Claimant was employed by Advocate Press, a printing firm at Franklin Springs, on a full-time weekly basis from Monday through Friday at a wage of $100 per week as the supervisor of its finishing department, where he supervised three regular workers and other part-time help. He supervised the operation of the stitcher, folder and cutter, the packaging of the finished materials and sending them out, and did some of the work himself. The packaged materials were carried to the Post Office each afternoon just before five o’clock. Occasionally packages were delivered by claimant to the customer by company automobile.
He also worked regularly but part-time, a portion of two days each week, for American Courier Corporation of Atlanta, earning an average weekly wage of $32.70, where his duties were the driving of an automobile on a regular route in Athens and vicinity to pick up business records and take them in to the company’s Atlanta office. These were sealed packages of checks and records, usually in envelopes but sometimes in larger packages.

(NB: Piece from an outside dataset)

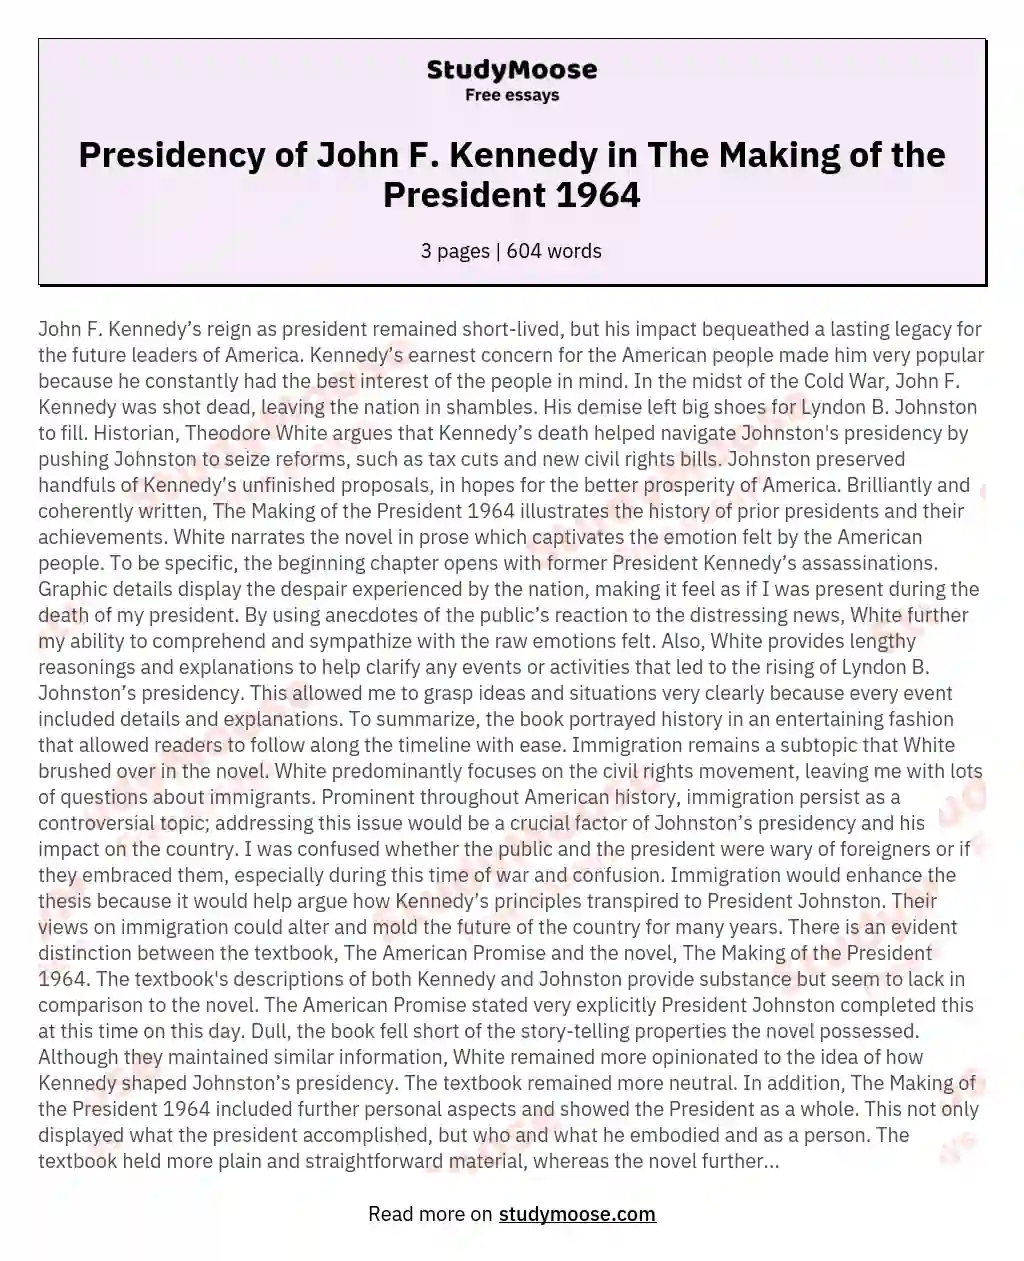 was john f kennedy a good president essay

While on the route for American Courier November 16, 1968, he dozed at the wheel and the car he was driving went into the ditch against an embankment, and he asserts that his back and arms were injured.
Because of his injuries he was unable to work on either job from November 16, 1968, until January 2, 1969, when he returned to [134]*134his job with the Advocate Press full-time and at an increase in pay of $10 per week. He returned to work January 3, 1969, on the route for American Courier, working more time than he had been devoting to that prior to his injury, but after some three or four weeks and on the advice of his physician he gave up the Courier job because his injuries made the driving of the car and the lifting of packages required on the route too much for him.
He has a long history of arthritic trouble with his back, for which he has had medical and chiropractic treatments.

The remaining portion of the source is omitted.